3.1 Study population

A total of 36 Japanese participants were randomized to once-weekly somapacitan (n=18) or daily GH (n=18). These participants were extracted from the global trial population, which was stratified by region (Japan vs. Rest-of-world). Therefore, the number of Japanese participants randomized equally to each treatment (daily GH and once-weekly somapacitan) is expected to be similar. Likewise, the treatment groups are expected to have similar baseline characteristics. At week 34, 18 (100%) had completed treatment in the somapacitan group and 17 (94%) had completed treatment in the daily GH group. Only one participant discontinued treatment due to AE (a case of diabetes in the daily GH group).

Baseline characteristics are shown in Table 1 and were similar among the groups. Compared to the global trial (13), the Japanese participants generally had a lower mean body weight, BMI, and waist circumference, and fewer women were on oral estrogen. Oral estrogen was used in doses of 0.6 to 1.3 mg. Furthermore, a higher proportion had childhood onset GHD in the global trial.

Table 1

Table 1. Participant characteristics at baseline.

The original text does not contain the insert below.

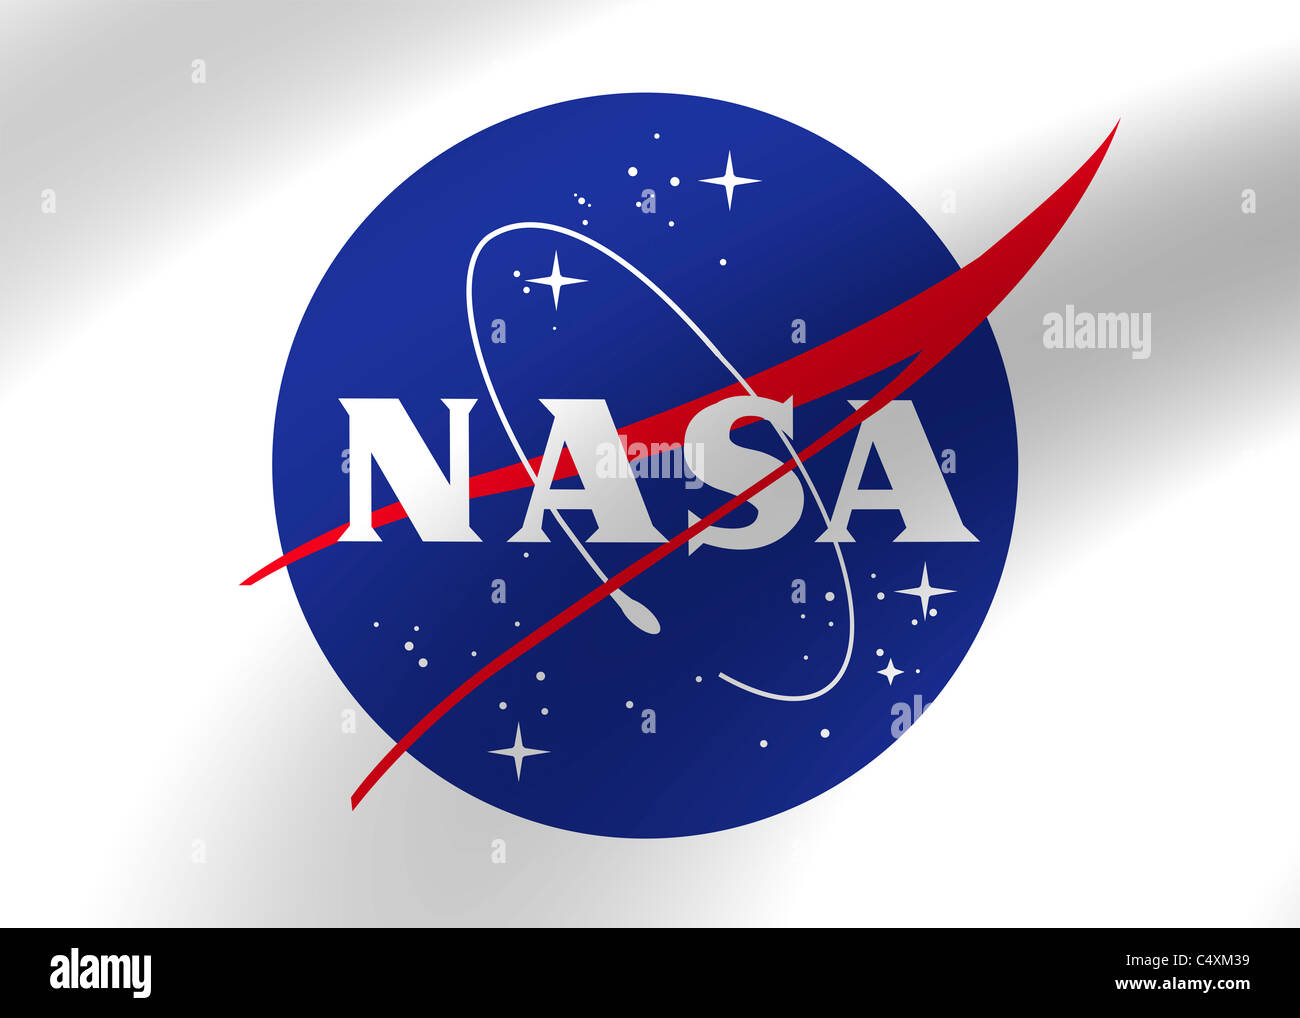 Nasa Logo Flag Symbol High Resolution Stock Photography and Images - Alamy

Median exposure was 238 days in both groups, and the mean (SD) treatment dose was 1.71 (1.09) mg/week in the somapacitan group and 0.24 (0.10) mg/day (equivalent to 1.68 mg/week) in the daily GH group. Median treatment adherence among the participants was 100% for somapacitan and 99.6% for daily GH. Mean (SD) treatment adherence was 99.0% (2.85) for somapacitan and 99.2% (1.24) for daily GH.

3.2 Body composition

The body weight mean change (SD) from baseline to week 34 was 1.2 (1.5) and -0.6 (2.7) kg in the somapacitan and daily GH group, respectively. The mean (SD) change in truncal fat percentage at week 34 was similar between the groups, with -2.23 (2.50) %-points for somapacitan and -2.12 (4.21) %-points for daily GH (Figure 1A; Table 2). Improvements in body composition measures were seen in both the somapacitan and daily GH groups. Mean reductions from baseline in the measures for fat mass were similar (Figures 1A, C) except for visceral fat (Figure 1B), where the somapacitan group appeared to show more pronounced decreases compared to the daily GH group (Figure 1B; Table 2). For the measures for lean mass, the mean increases from baseline appeared slightly more pronounced in the somapacitan group compared to the daily GH group (Figures 1D, E; Table 2). When adjusting the mean changes for baseline values, a similar pattern was seen, but the body composition measures became more similar between the groups (Supplementary Table S1) (15). Furthermore, there were no apparent patterns indicating that men, women not using oral estrogen, or women on oral estrogen showed distinct effects on body composition measures (Figure 1).

Figure 1

Figure 1. Changes from baseline in DXA-derived body composition measures at 34 weeks, including truncal fat percentage (A), visceral fat tissue (B), total fat mass (C), total lean body mass (D), and appendicular skeletal muscle mass (E). For effects on fat mass, a reduction is desired. For effects on lean mass, an increase is desired. Data are presented as change values for each individual participants, with mean change shown as horizontal lines. DXA, dual-energy x-ray absorptiometry; GH, growth hormone.

Table 2

Table 2. Baseline values and observed changes from baseline to week 34 in DXA-derived body composition measures.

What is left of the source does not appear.